You are viewing a plain text version of this content. The canonical link for it is here.
Posted to user@cassandra.apache.org by Oskar Kjellin <os...@gmail.com> on 2017/04/21 08:44:55 UTC

Will query on PK read entire partition?

If I have a table like this:

PRIMARY KEY ((userid),deviceid)

And I query
SELECT * FROM devices where userid= ? and deviceid = ?

Will cassandra read the entire partition for the userid? So if I lots of
tombstones for userid, will they get scanned?

I guess this depends on how the bloomfilter is working. Does it contain
partitioning key or primary key?

We're using 2.0.17 if it matters.

/Oskar

Re: Will query on PK read entire partition?

Posted by Vladimir Yudovin <vl...@winguzone.com>.
Hi,



if you provide primary key C* will not scan whole partition, but will bloom filter to determinate SSTable:

Cassandra uses Bloom filters to determine whether an SSTable has data for a particular row.
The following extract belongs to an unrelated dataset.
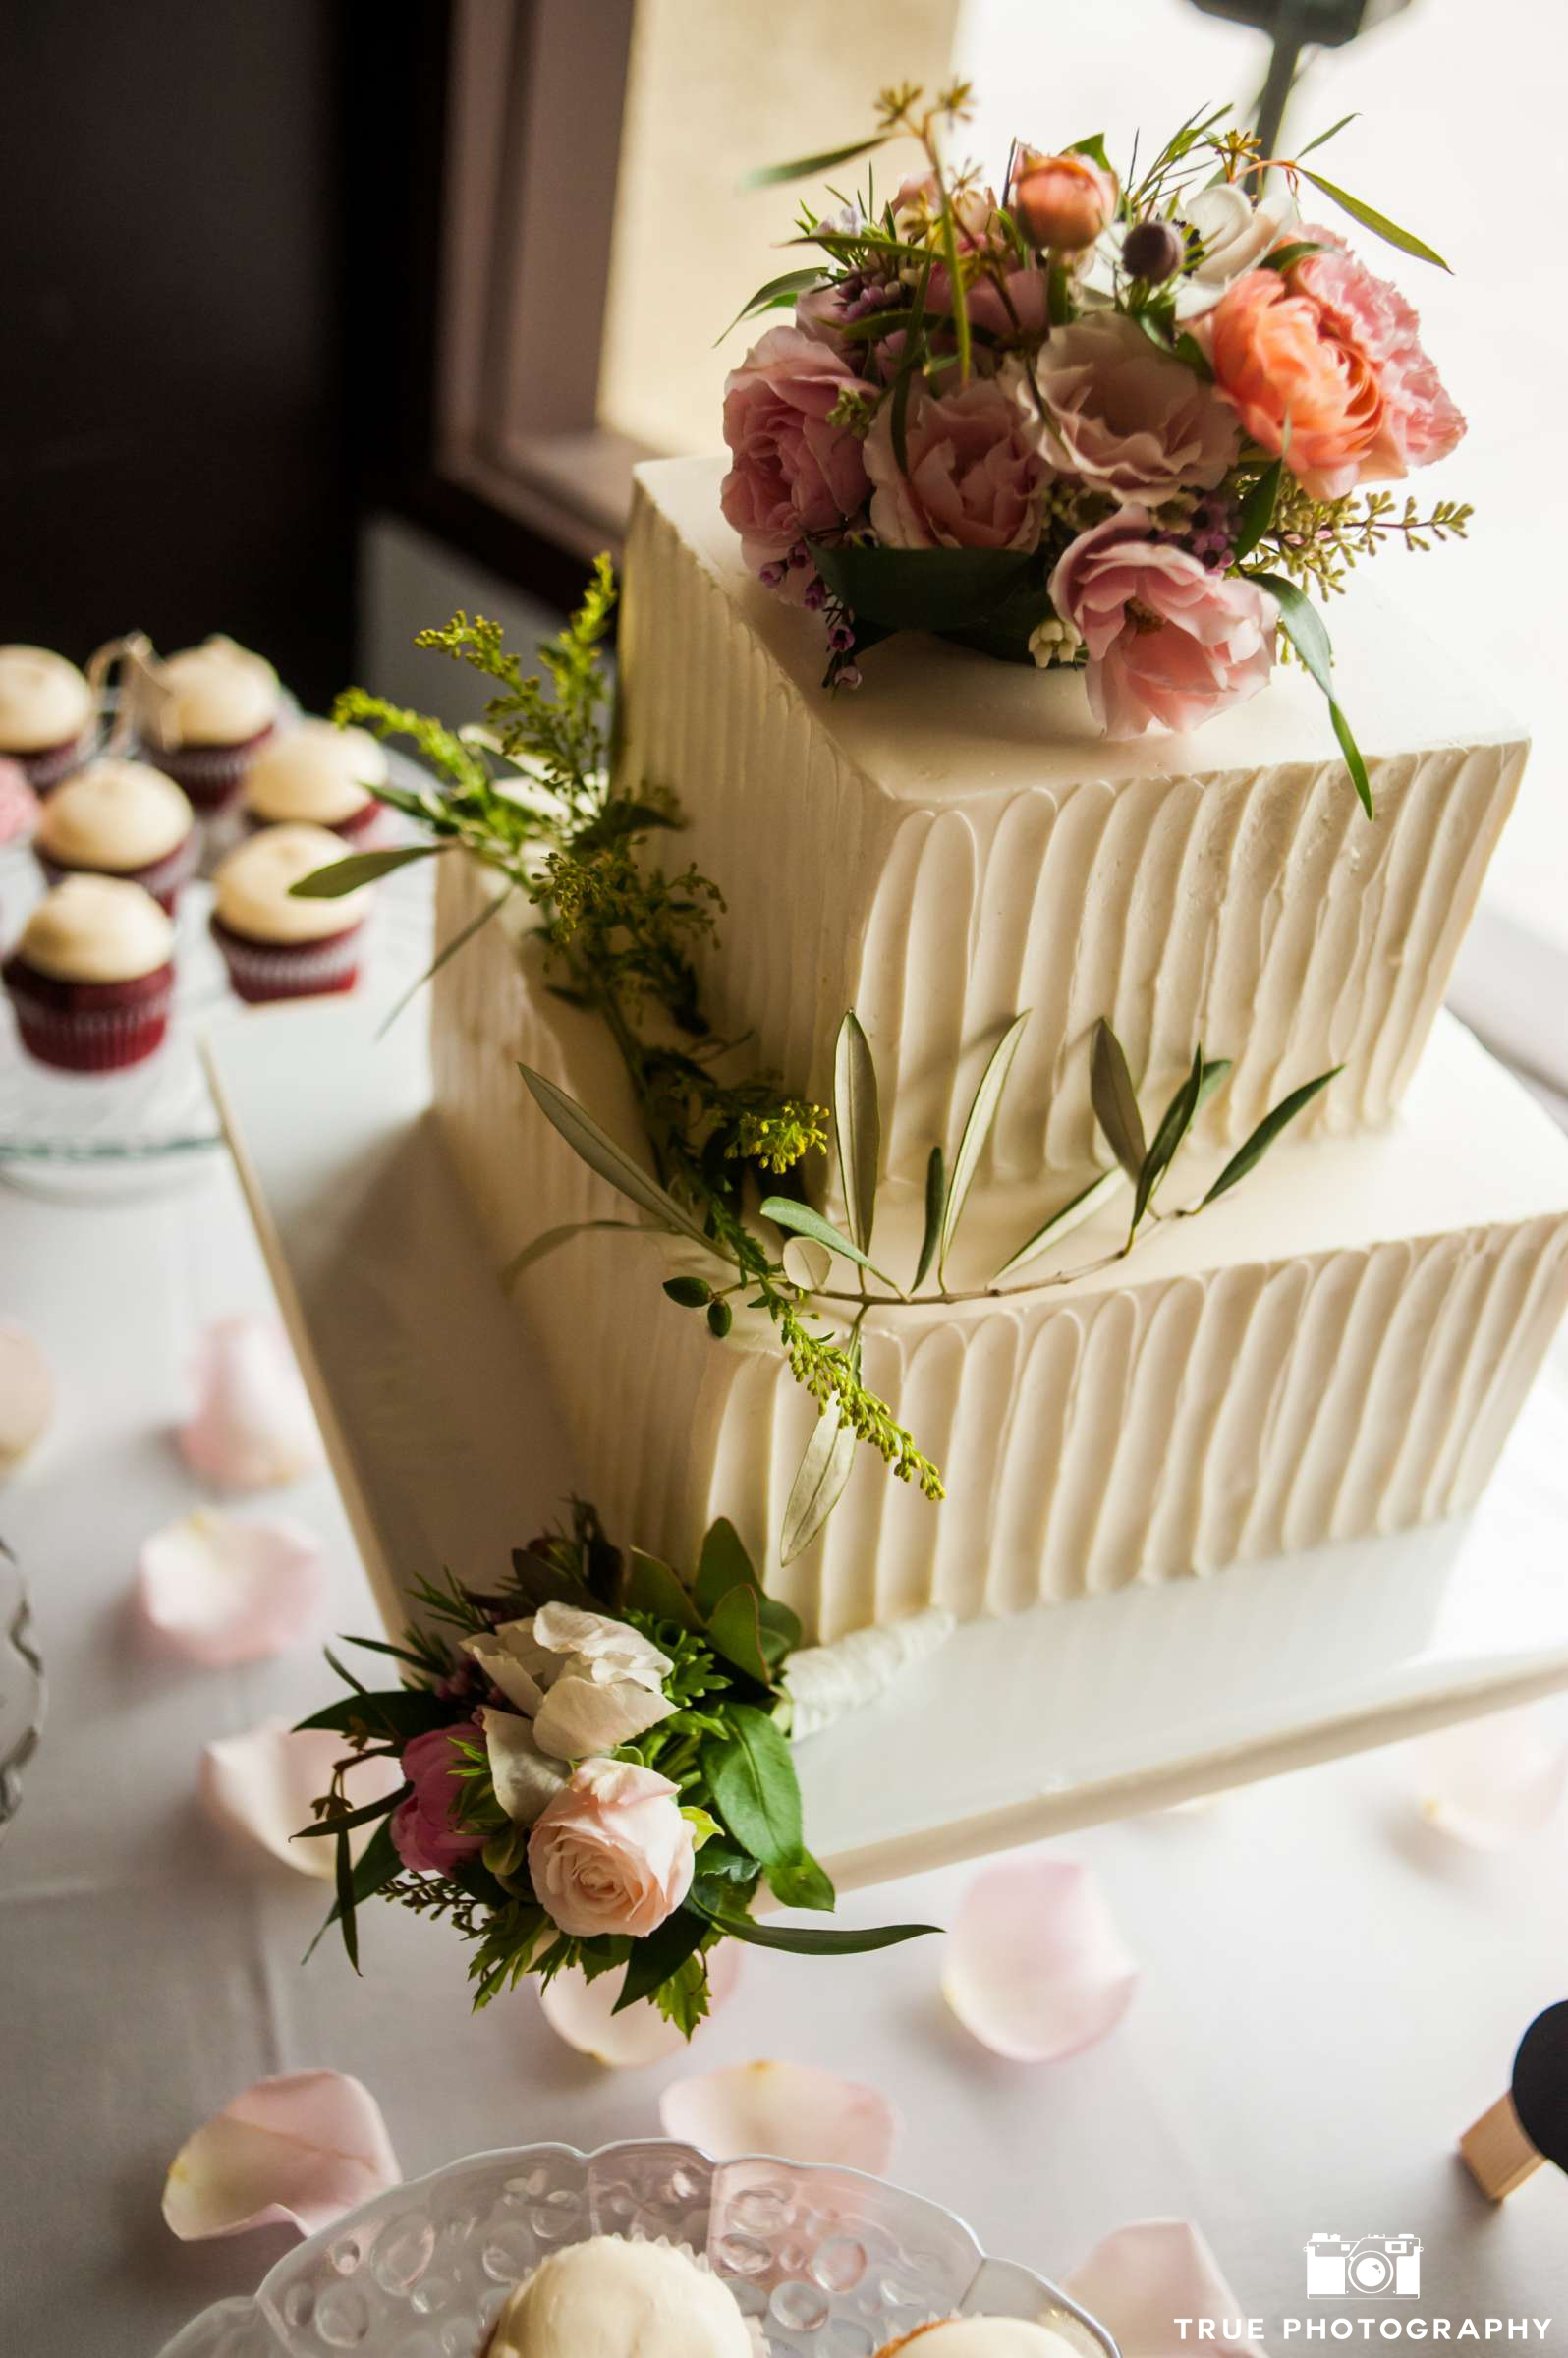 vertical-texture-squre-wedding-cake-by-sweet-cheeks-true-photo-for-natasha_qaes_pf
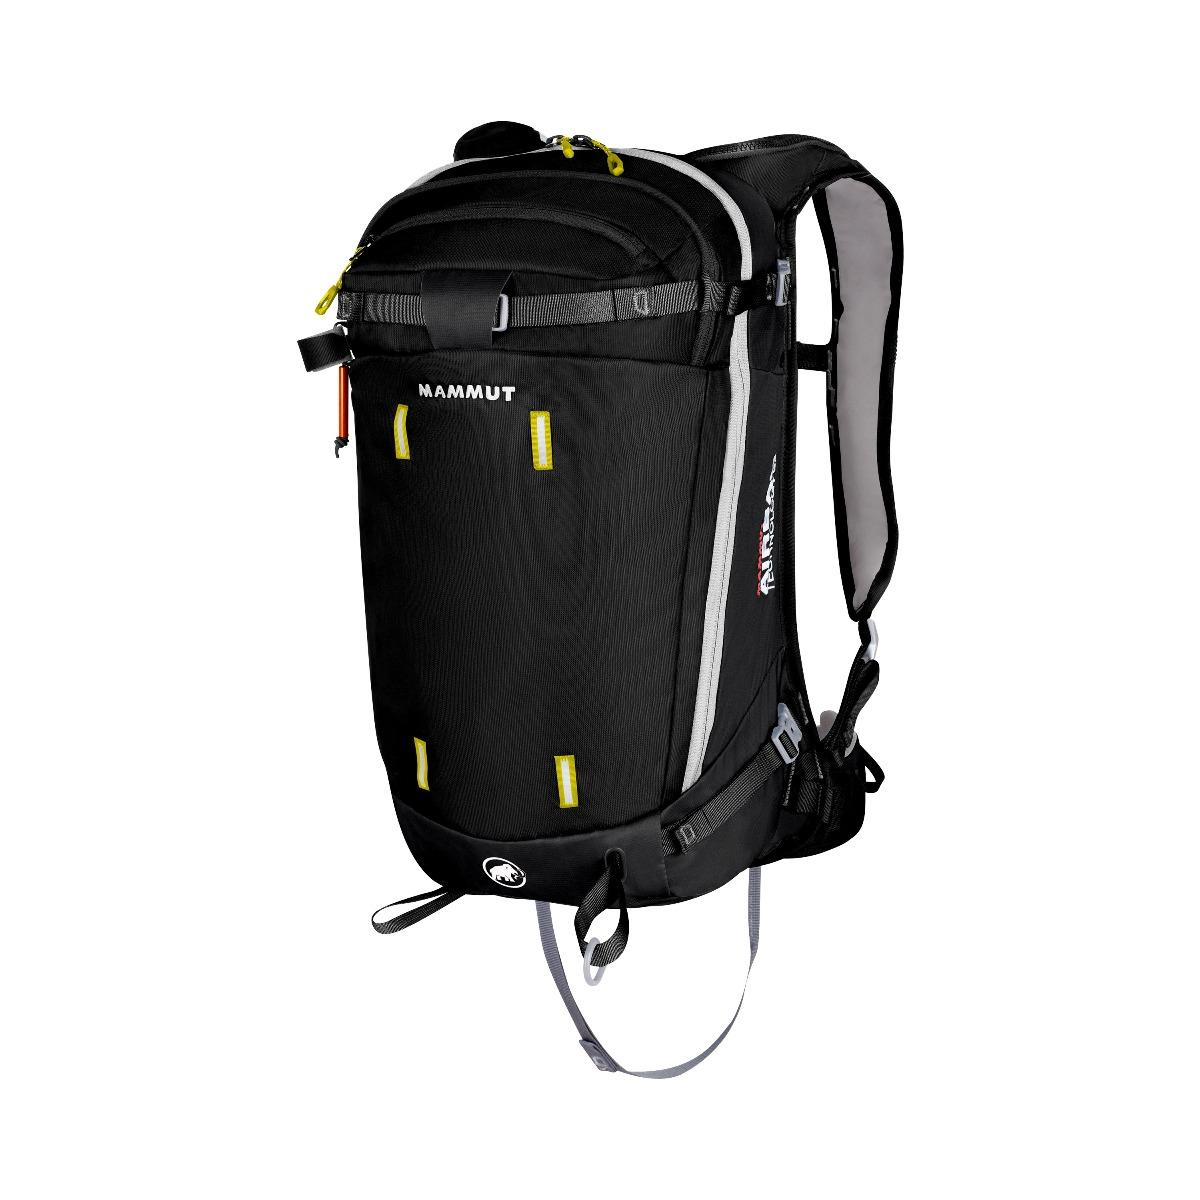 MAMMUT Light Protection Airbag 3.0 re 00150 phantom 30

Bloom filters are unused for range scans, but are used for index scans.






Best regards, Vladimir Yudovin, 

Winguzone - Cloud Cassandra Hosting






---- On Fri, 21 Apr 2017 07:56:08 -0400 Alain RODRIGUEZ &lt;arodrime@gmail.com&gt; wrote ----




Hi Oskar,



My guess (wait for confirmation maybe): When you read from a primary key + specific clustering key or (range of clustering keys), Apache Cassandra will look for these specific values and not read all the row. Yet it is important to know that a minimal block size of 64 KB is read from the disk (not configurable in C* 2.0). Or if the table is compressed, the minimal read size is a chunk, for which you can manually set the size. That's why when using small rows, it is sometimes interesting to enable compression, even if you don't care about the data size... This all has been improved a bit in 2.1 / 2.2 and greatly in C* 3.0+.



I might write a post about this, if I do, I will let you know. It's an interesting topic I have been working on recently.



C*heers,

-----------------------

Alain Rodriguez - @arodream - alain@thelastpickle.com

France



The Last Pickle - Apache Cassandra Consulting

http://www.thelastpickle.com










2017-04-21 10:44 GMT+02:00 Oskar Kjellin &lt;oskar.kjellin@gmail.com&gt;:

If I have a table like this:



PRIMARY KEY ((userid),deviceid)



And I query

SELECT * FROM devices where userid= ? and deviceid = ?



Will cassandra read the entire partition for the userid? So if I lots of tombstones for userid, will they get scanned?



I guess this depends on how the bloomfilter is working. Does it contain partitioning key or primary key?



We're using 2.0.17 if it matters.



/Oskar










Re: Will query on PK read entire partition?

Posted by Alain RODRIGUEZ <ar...@gmail.com>.
Hi Oskar,

My guess (wait for confirmation maybe): When you read from a primary key +
specific clustering key or (range of clustering keys), Apache Cassandra
will look for these specific values and not read all the row. Yet it is
important to know that a minimal block size of 64 KB is read from the disk
(not configurable in C* 2.0). Or if the table is compressed, the minimal
read size is a chunk, for which you can manually set the size. That's why
when using small rows, it is sometimes interesting to enable compression,
even if you don't care about the data size... This all has been improved a
bit in 2.1 / 2.2 and greatly in C* 3.0+.

I might write a post about this, if I do, I will let you know. It's an
interesting topic I have been working on recently.

C*heers,
-----------------------
Alain Rodriguez - @arodream - alain@thelastpickle.com
France

The Last Pickle - Apache Cassandra Consulting
http://www.thelastpickle.com



2017-04-21 10:44 GMT+02:00 Oskar Kjellin <os...@gmail.com>:

> If I have a table like this:
>
> PRIMARY KEY ((userid),deviceid)
>
> And I query
> SELECT * FROM devices where userid= ? and deviceid = ?
>
> Will cassandra read the entire partition for the userid? So if I lots of
> tombstones for userid, will they get scanned?
>
> I guess this depends on how the bloomfilter is working. Does it contain
> partitioning key or primary key?
>
> We're using 2.0.17 if it matters.
>
> /Oskar
>